In case a record for a station (detected by the same station_uud) already exists, it’s contents will be updated. In case the station is not known yet, it will be simply inserted. The MERGE INTO also supports updating a subsets of fields and more complex calculation e.g. incrementing a counter. For details have a look at the Iceberg MERGE INTO documentation.

Delete mechanism

The MERGE INTO statement also supports deleting rows from the lakehouse tables. For details have a look at the Iceberg MERGE INTO documentation.

Table maintenance

As mentioned in the beginning, Iceberg supports out-of-the-box table maintenance such as compaction.

This demos executes some maintenance functions in a very basic Python loop with sleeps in between. For production the maintenance can be scheduled using Kubernetes CronJobs or using Apache Airflow, which is also supported by the Stackable Data Platform.

# key: table name
# value: compaction strategy
tables_to_compact = {
    "lakehouse.water_levels.stations": "",
    "lakehouse.water_levels.measurements": ", strategy => 'sort', sort_order => 'timestamp DESC NULLS LAST,station_uuid ASC NULLS LAST'",
    "lakehouse.smart_city.shared_bikes_station_information": "",
    "lakehouse.smart_city.shared_bikes_station_status": ", strategy => 'sort', sort_order => 'last_reported DESC NULLS LAST,station_id ASC NULLS LAST'",
    "lakehouse.smart_city.shared_bikes_bike_status": "",
}

while True:
    expire_before = (datetime.now() - timedelta(hours=12)).strftime("%Y-%m-%d %H:%M:%S")
    for table, table_compaction_strategy in tables_to_compact.items():
        print(f"[{table}] Expiring snapshots older than 12 hours ({expire_before})")
        spark.sql(f"CALL lakehouse.system.expire_snapshots(table => '{table}', older_than => TIMESTAMP '{expire_before}', retain_last => 50, stream_results => true)")

        print(f"[{table}] Removing orphaned files")
        spark.sql(f"CALL lakehouse.system.remove_orphan_files(table => '{table}')")

        print(f"[{table}] Starting compaction")
        spark.sql(f"CALL lakehouse.system.rewrite_data_files(table => '{table}'{table_compaction_strategy})")
        print(f"[{table}] Finished compaction")

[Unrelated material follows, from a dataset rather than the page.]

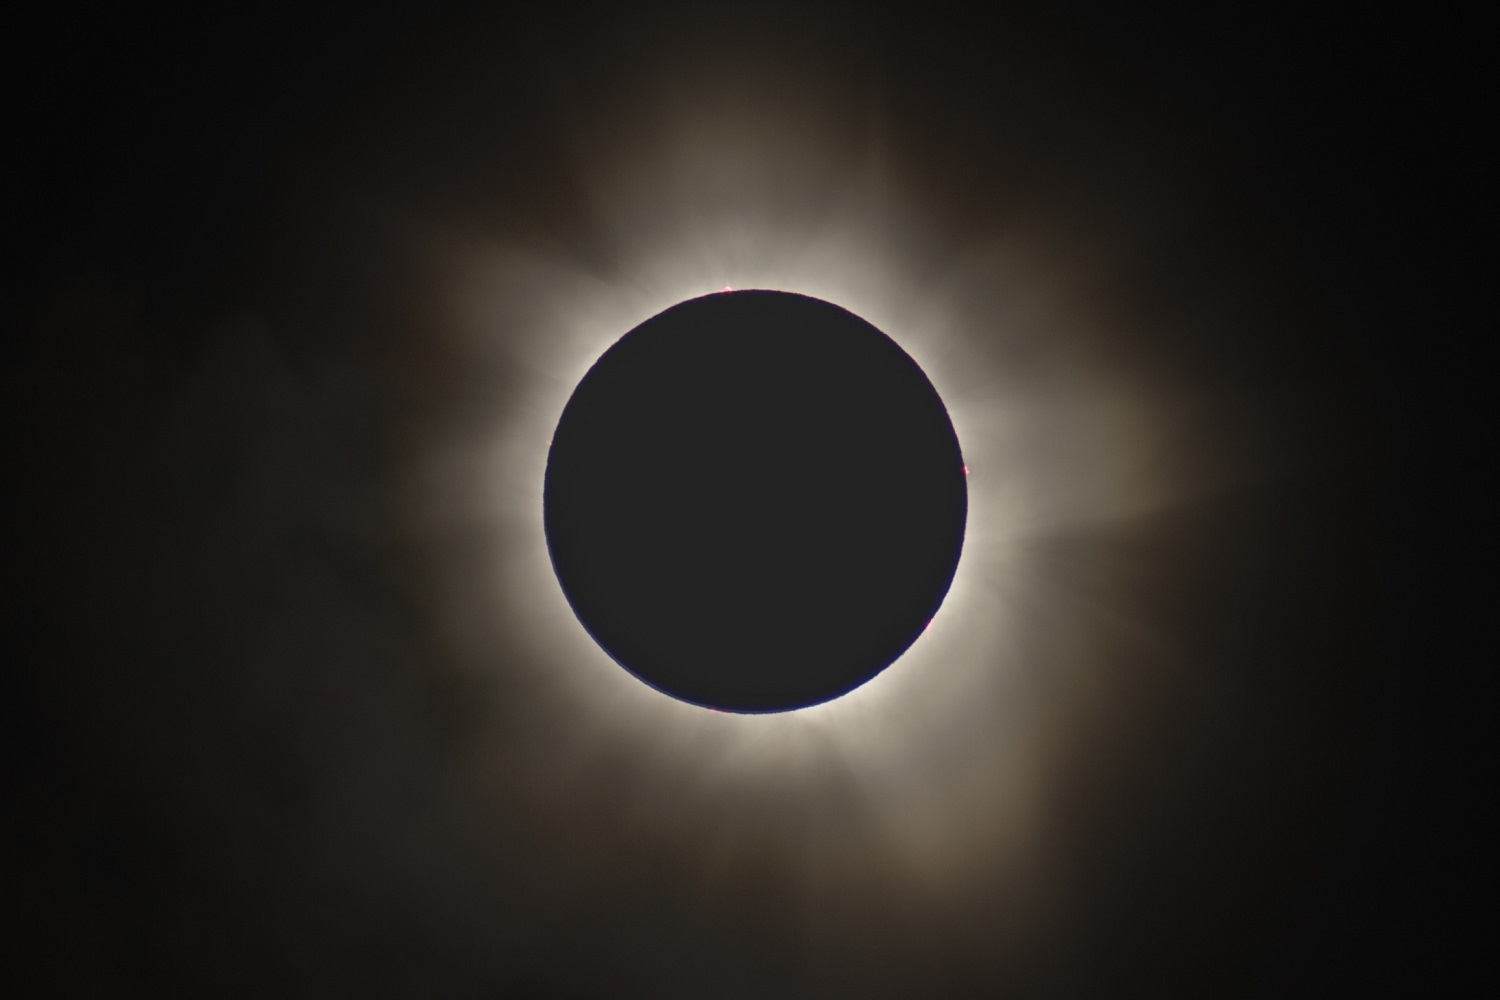 Cairns Total Solar Eclipse of 14 Nov 2012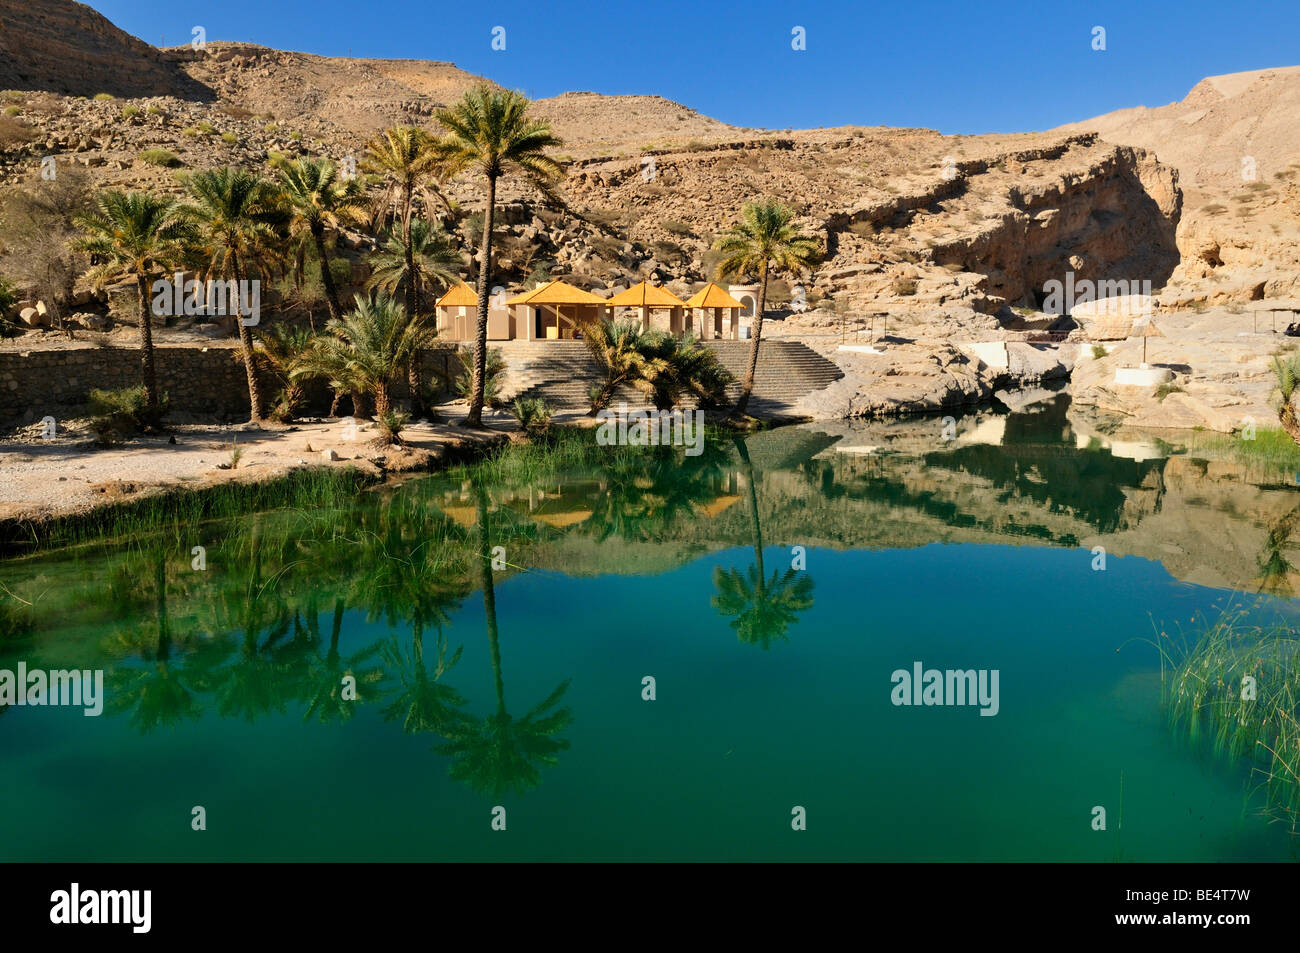 Water pool in a rocky canyon, Wadi Bani Khalid, Sharqiya Region, Sultanate of Oman, Arabia, Middle East Stock Photo

    print("All tables compacted. Waiting 25min before scheduling next run...")
    time.sleep(25 * 60) # Assuming compaction takes 5 min run every 30 minutes

The scripts has a dictionary of all the tables to run maintenance on. The following procedures are run:

expire_snapshots

Each write/update/delete/upsert/compaction in Iceberg produces a new snapshot while keeping the old data and metadata around for snapshot isolation and time travel. The expire_snapshots procedure can be used to remove older snapshots and their files which are no longer needed.

remove_orphan_files

Used to remove files which are not referenced in any metadata files of an Iceberg table and can thus be considered “orphaned”.

rewrite_data_files

Iceberg tracks each data file in a table. More data files leads to more metadata stored in manifest files, and small data files causes an unnecessary amount of metadata and less efficient queries from file open costs. Iceberg can compact data files in parallel using Spark with the rewriteDataFiles action. This will combine small files into larger files to reduce metadata overhead and runtime file open cost.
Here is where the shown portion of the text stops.